I bought my son a Diamond Nuclear Ice and he is HOOKED! Now, it comes with 3 arrows and they are far from straight. So, I'm looking to get him at least a doz. carbon 24" arrows. His bow is currently set at 15lbs, but I don't think it'll be there for very long. I'm guessing he'll be closer to 20 lbs soon. I did some research on arrows (Youth) and it seems there really isn't much to choose from. I'm willing to spend $60-70 if I need too but I'm not crazy about that idea. Anyone have a good "bang for the buck" suggestion?


----------



## thebeast1231

I'm searching for the same thing this seems too be the best for the money beman ics hunter jr
http://www.bowhunterssuperstore.com/beman-hunter-arrows-vanes-insert-loose-p-3276.html


----------



## safe cracker

both my grandsons shoot beman jr. arrows work great and you can't beat the price.....


----------



## wsbark01

victory vforce HV


----------



## CardiacKid74

The HV's only go to 400 spine...way to strong.. I bult some V-Force 600 for my daughters nuclear ice. I plan on building some VAP 800's for her this spring for some better speed and penetration in the 3D targets... A few of the V-Force have bounced off at 35 yeards..lol

Make sure you adjust the tiller also. The first time I drew her bow it was scary how much the cam leaned...YIKES!


----------



## CardiacKid74

I built them backward because she wanted the Victory Logo on the front of her arrows..lol


----------



## wsbark01

CardiacKid74 said:


> The HV's only go to 400 spine...way to strong.. I bult some V-Force 600 for my daughters nuclear ice. I plan on building some VAP 800's for her this spring for some better speed and penetration in the 3D targets... A few of the V-Force have bounced off at 35 yeards..lol
> 
> Make sure you adjust the tiller also. The first time I drew her bow it was scary how much the cam leaned...YIKES!
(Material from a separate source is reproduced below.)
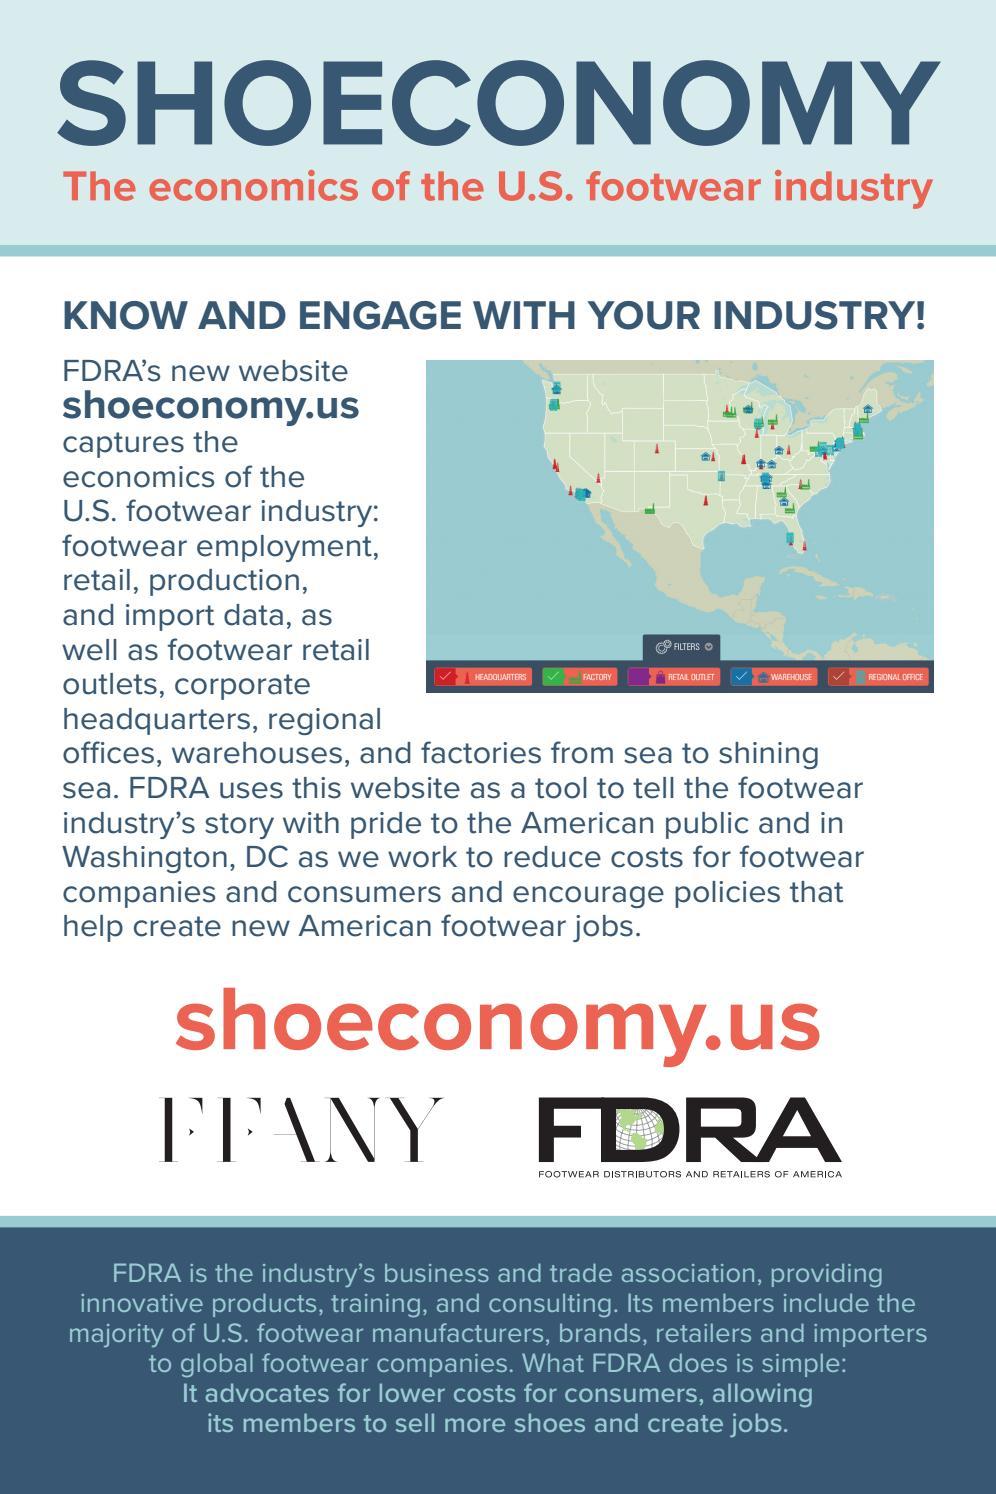 FFANY New York Shoe Expo Directory: Nov 29 - Dec 1, 2017 by FFANY

The funny thing is that Tap says the HV's are to weak for my son's ignition, but they shoot great for him!


----------



## rsteep

My son shoots the Gold Tip Falcons, they take a beating but hold up very well.


----------



## CardiacKid74

wsbark01 said:


> The funny thing is that Tap says the HV's are to weak for my son's ignition, but they shoot great for him!


With the low performance of the kids bows it will shoot fine but those arrows are just way to heavy. The VAP 800 weigh a grain less per inch than the 400HV's. Plus for a child learning to shoot and having heavy abuse on the arrows a VAP will hold up much better than the HV's.. IMO


----------



## Dewboy

All of the above mentioned arrows are grossly overspined for your little one. Don't let anyone tell you that the Beaman Jr's are perfect for a kid drawing 15 lbs shooting a 24" arrow! Take a look at the Carbon Impact Super Club 15/25 arrows. They are spined proberly and not so heavy that they will actually make it to the tarket and stick in instread of bounce off! Oh yeh, and they GROUP! Don't assume your kid can't shoot good enough to group. Get him some properly spined arrows and be prepared to be amazed. Many arrow companies are being VERY DISHONEST marketting .500 spined arrows as Youth arrows! If you ever saw a little kid shooting CI Super Club arrows or CX Medallion XR arrows, Your jaw would drop if all you were accustomed to seeing was the wobbly logs most kids are shooting!


----------